Last year, a team involving researchers from UCL, the Anna Freud Centre and King’s College London launched a major new project to explore why some young people with neuroatypicalities, including Attention Deficit/Hyperactivity Disorder and autism, develop depression, and what types of support might help. As part of this project, young people with ADHD and/or autistic traits are co-developing a self-report measure of emotional regulation. Traditional questionnaires aren’t ideal, partly because they often include language that is too abstract for neurodivergent young people to understand, comments Georgia Pavlopoulou, who is working on the project. Their direct involvement is key to the creation of a questionnaire that really works for them. 

Pavlopoulou talks about the importance of ‘authentic’ co-production: ‘We need to involve people through the lifecourse of the research project, and not just as a ticking exercise’. Recently, she also worked in partnership with autistic young people to understand what helps them to sleep. This project found that, for these individuals, standard sleep hygiene recommendations weren’t ideal. Factors that made a real difference to them included spending time in ‘predictable and fun’ ways with family members before bedtime, for example. This project went full circle, Pavlopoulou explains – from first listening to autistic young people’s real-life experiences to collaborating with autistic young people in a school to understand their responses to the research, and then working with them to create resources to share the research as widely as possible among the people who would benefit from them. ‘Co-production in knowledge exchange is a great way to increase the impact of research findings,’ she adds.

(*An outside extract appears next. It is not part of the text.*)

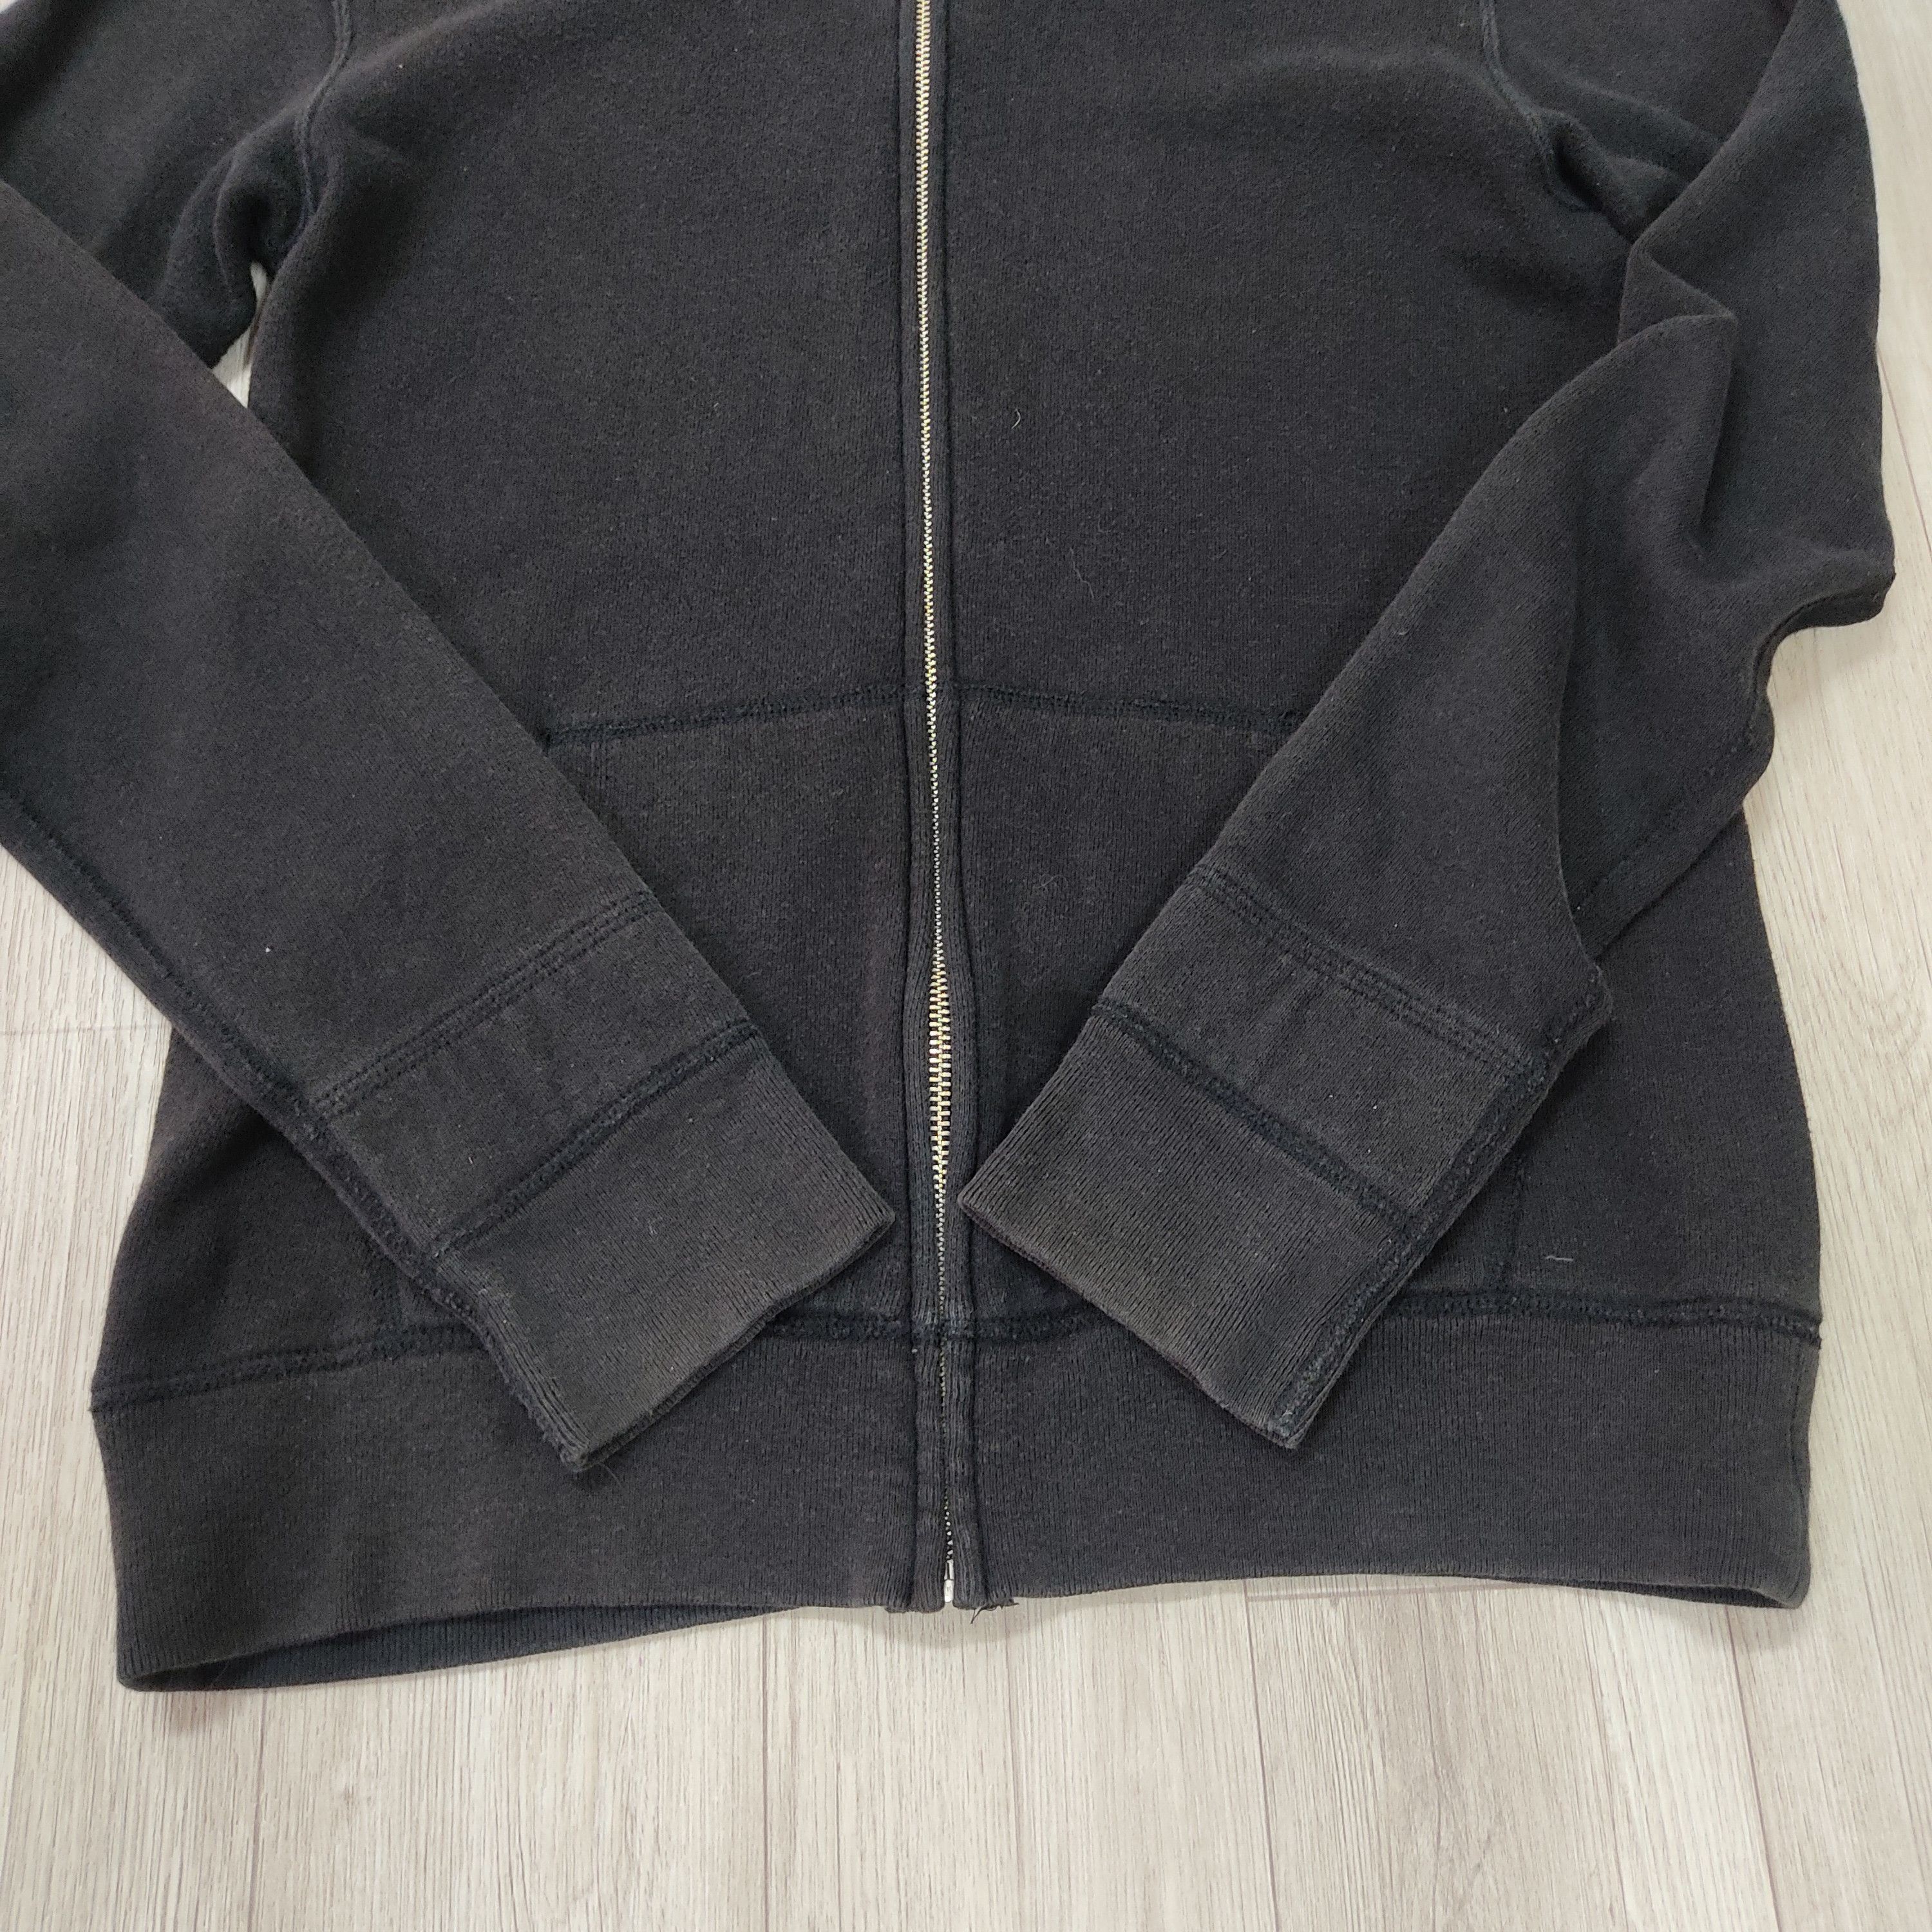 N. HOOLYWOOD Plain Black Zipper Hoodie Sweatshirt - 5

Some co-produced studies have focused on disorders that can be especially hard to treat, such as bipolar affective disorder, while others are now exploring broader issues, such as alcohol use among older people. In this latter case, Newcastle University-based academic Beth Bareham trained up a group from the Glasgow-based Drink Wise Age Well programme to work as peer researchers, to collaboratively develop better services. She has since worked with some of the same group to investigate alcohol use among older people during the Covid-19 pandemic. They helped not only to recruit participants but to analyse interview transcripts. ‘They particularly helped to tease out how the pandemic was affecting mental health and drinking,’ says Bareham. ‘They’re able to see things that I don’t because of their personal experiences.’ With further training, some are now acting as co-facilitators in interviews for new work on older people with both alcohol and mental health problems. ‘They have great insight into the topic, and can really relate to our participants and explore issues in depth with them’” Bareham says.

Obstacles

Despite all the advantages, there are challenges, though, to running co-productions. And they help to explain why more research isn’t done in this way.

One obstacle is that they take longer than traditional studies. Given the current research climate, this can be a real barrier, says Gowen. She calls for change: ‘It’s important for funding bodies and research institutions, such as universities, to more explicitly value co-production and factor in the extra time and money it takes. If pressure is placed on academics to publish a high number of articles, this disincentivises co-production due to the time commitment required and at the same time drives down research quality.’

But even if patients aren’t fully involved in all stages of the design and implementation of a study, there can still be advantages to less intense collaboration. It can help to build trust and relationships, which might be needed especially among groups who felt they have long been experimented ‘on’ rather than with. And that, say Gowen and Poliakoff, can be an important first step towards fully co-produced work in the future.